SITE 1: ftp://ftp.infodrom.north.de/pub/people/joey/sysklogd/ (currently down as of this writing)

or

SITE 2: ftp://ftp.sourceforge.net/pub/mirrors/Red Hat/Red Hat/Red Hat-6.2/SRPMS/SRPMS/sysklogd-1.3.31-16.src.rpm

After 'rpm -iv -v sysklogd-1.3.31-16.src.rpm, the source code should have been installed to /usr/src/Red Hat/SOURCES/sysklogd-1.3-31 (that is, if you are running Red Hat)

STEP 2: CHANGING THE DEFAULT CONFIG FILE LOCATION

Here is the fun part. This is used to fool an intruder once he has compromised the system into thinking your log files are stored locally. We will be recompiling syslogd to read a completely separate configuration file, leaving the old default one in tact, just in case the intruder runs a 'cat' on the /etc/syslogd.conf file to check if remote logging has been enabled. By leaving the old configuration there proceeding our recompile of the new binary, ensures that we can fool the cracker into thinking otherwise.

Lets modify the default location of /etc/syslog.conf

  [ehines@myhost sysklogd-1.3-31]$ cd /usr/src/Red Hat/SOURCES/sysklogd-1.3-31
  [ehines@myhost sysklogd-1.3-31]$ vi syslogd.c

do a /grep for syslog.conf

This will bring us to

  #define _PATH_LOGCONF   "/etc/syslog.conf"
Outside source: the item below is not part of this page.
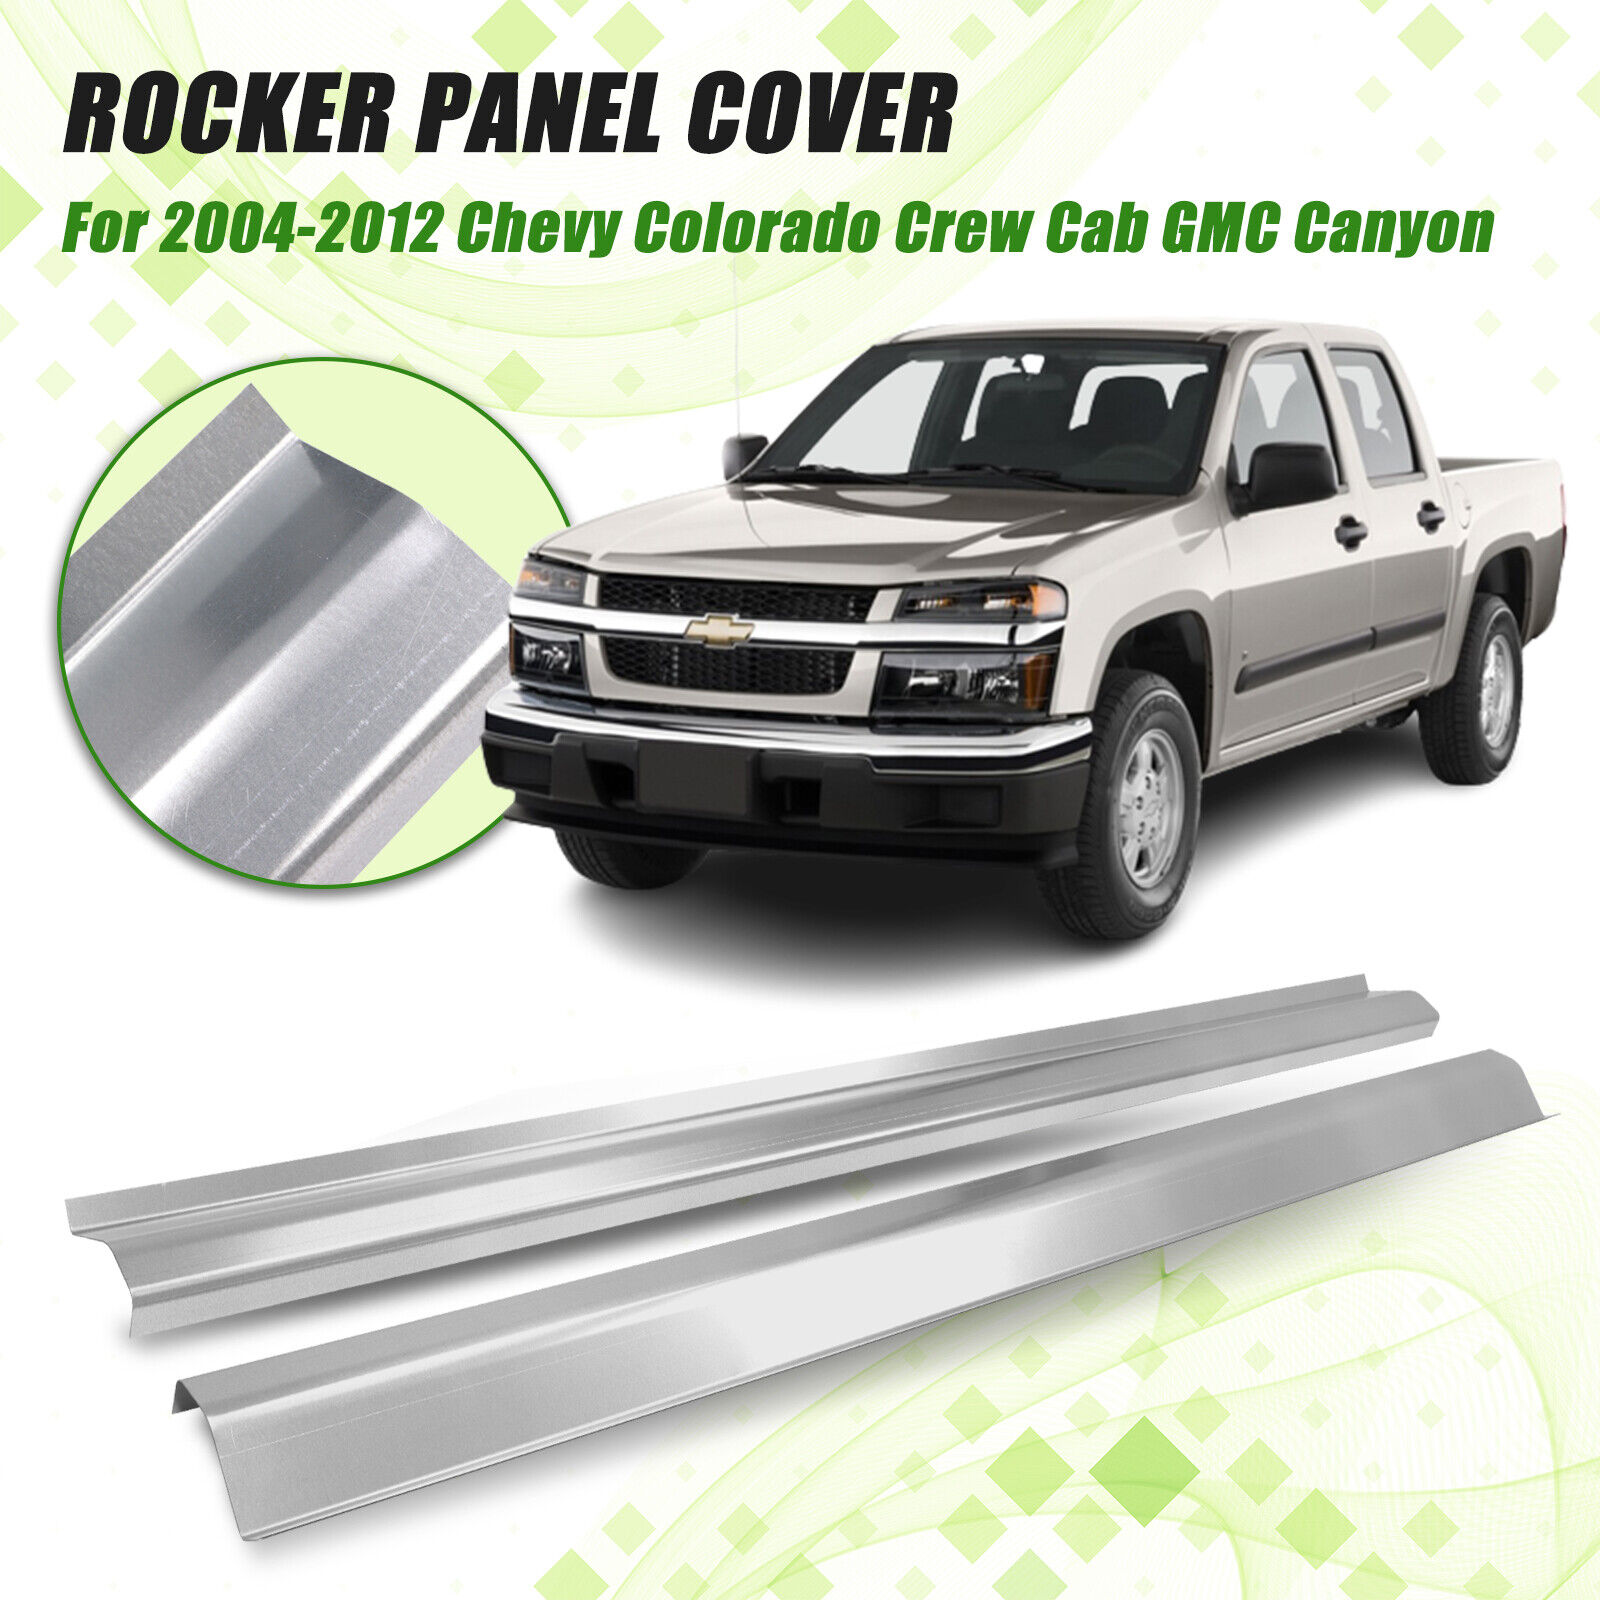 Pair of Rocker Panel Cover for 04-12 Chevy Colorado Crew Cab GMC Canyon Steel

Change the above location value to something you prefer. I suggest something like /etc/.sys/CORE.conf or something ingenious like that.

Copy the new syslogd binary over the old (typically /sbin/syslogd)

BACKUP old version before doing this. As an admin, you should have already known that, right? :)

NOTES
The reason why we do not simply just start the old syslogd with the (-f conffile) switch is because if an attacker were to grab a 'ps' list of processes, the switch you used will show up, telling the intruder that we are specifying a completely different configuration file. Ultimately, defeating this purpose. I recommend leaving the old /etc/syslog.conf file in tact as it completely throws off the intruder. Also, keep local logs, as if the /var/log directory is empty, well, use your imagination on why.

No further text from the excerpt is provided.